Thereafter evidence was taken from PW6 a Police Constable. On 1/10/07 he was at the Police Station Appellant was brought from Mlolongo.
P3 form had been issued on 2005. Complainant wrote his statement on 5/12/2007. The police files were misplaced hence delay in charging appellant.
The Appellant was put on his defence. He admitted having entered the bar. He admitted having had a quarrel with the waiter over change. At the door he turned to see if owner of the bar was following him. He pushed him outside.
Appellant fell down. The Appellant went to his home in rural area. Then he was arrested and charged.
It is said that the complainant and Appellant were relatives.
PW1 says he heard argument between Appellant and waiter and saw the Appellant slap the waiter. Appellant pushed PW1 against the door. PW1 turned and saw Appellant hit him with a bottle. PW2 was given information by a barmaid. PW2 saw that his brother PW1 was okay. Appellant broke the bottle and caused chaos in the bar. He hit PW1 on the head. PW1 fell and bled profusely.
The injury was examined by Doctor Z. Kamau one month after alleged injury. He certified injury as grievous. The basis of the quarrel 200/= note was fake, but the matter turned to assault. The parties were passing through a door to get out to discuss the dispute outside the bar then there must have been several persons and at the door there was pushing then both men fell down. It is said that the Appellant had a small bottle unopened with which he hit the complainant on the head.
After one month the doctor examined the complainant’s injuries and gave evidence in court. The P3 form shows that general medical history was “assault” and immediate result of injury was “grievous harm.” The doctor described the injuries sustained in the neck in detail. But were there injuries caused only by one blow with a small bottle on the head. The doctor examined the injuries after one month.
The trial Magistrate made a finding that Appellant hit the complainant with a bottle of beer and fell down. There was no evidence to show that complainant was hit. Then the Appellant himself says “I was advised to go to my rural home” which he did and he was arrested after 1 and 8 months. It is clear this dispute arises out of communication break down between step brothers. No one can tell whether the fall alleged by parties was deliberate or accidental. They say there were many persons in the pub. Then this delay occasioned in bringing the Appellant to police station was explained, as if he was not really guilty as alleged.

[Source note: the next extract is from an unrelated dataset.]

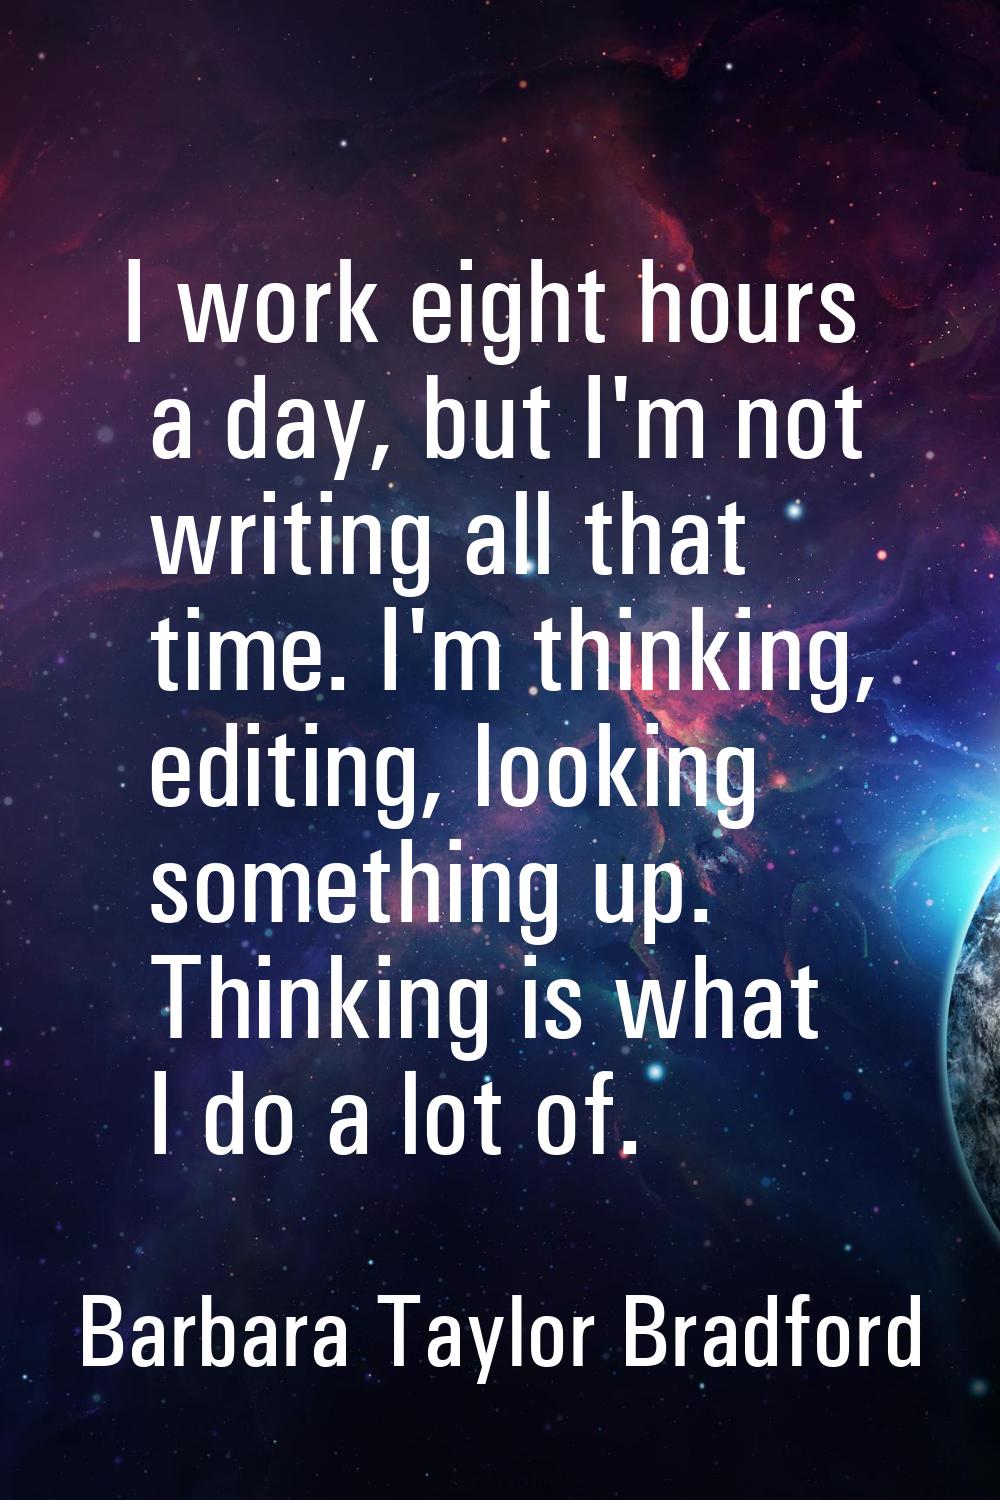 I work eight hours a day, but I'm not writing all that time. I'm thinking, editing, looking somethi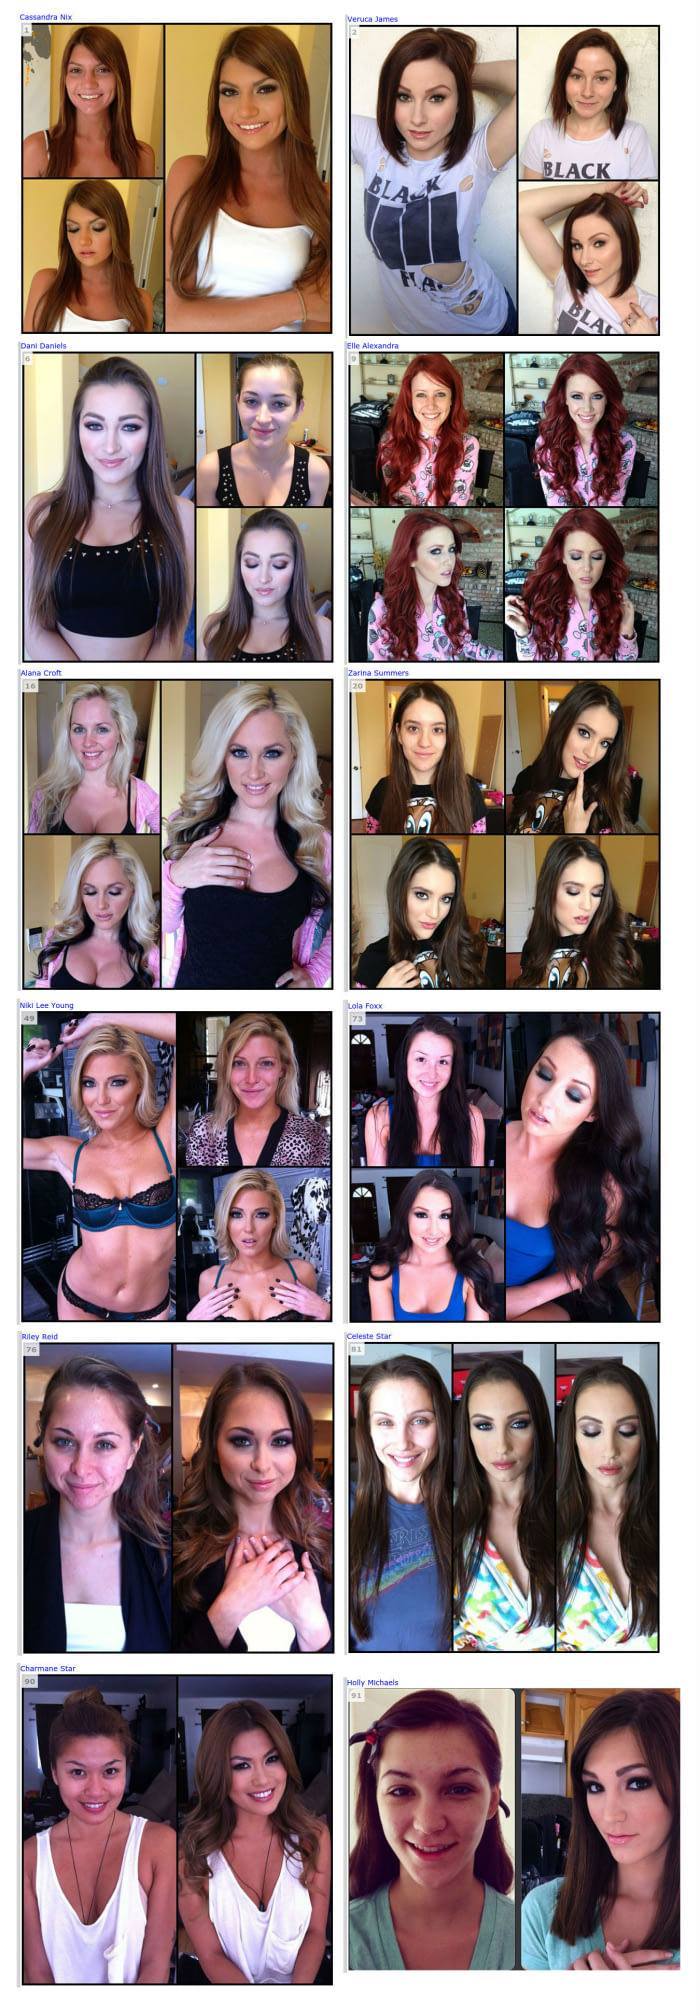 Porn actress before and after make-up - Porn actress, Makeup, No make up, Longpost, Porn Actors and Porn Actresses

I find that it is not clear where the injuries were treated until the doctor came after 1 month. If the injuries were as serious as he said were they were caused by only one blow of the small bottle. Why did the prosecution not produce that bottle.
The first treatment medical evidence was not exhibited which is vital evidence to enable measurements of the injury. It is my view and I find that the prosecution failed to prove the case beyond reasonable doubt.
I therefore allow the appeal and quash conviction and set aside sentence.
The appellant shall be set at liberty forthwith unless otherwise detained lawfully.
Dated and delivered at Nairobi this 28th day of April 2010.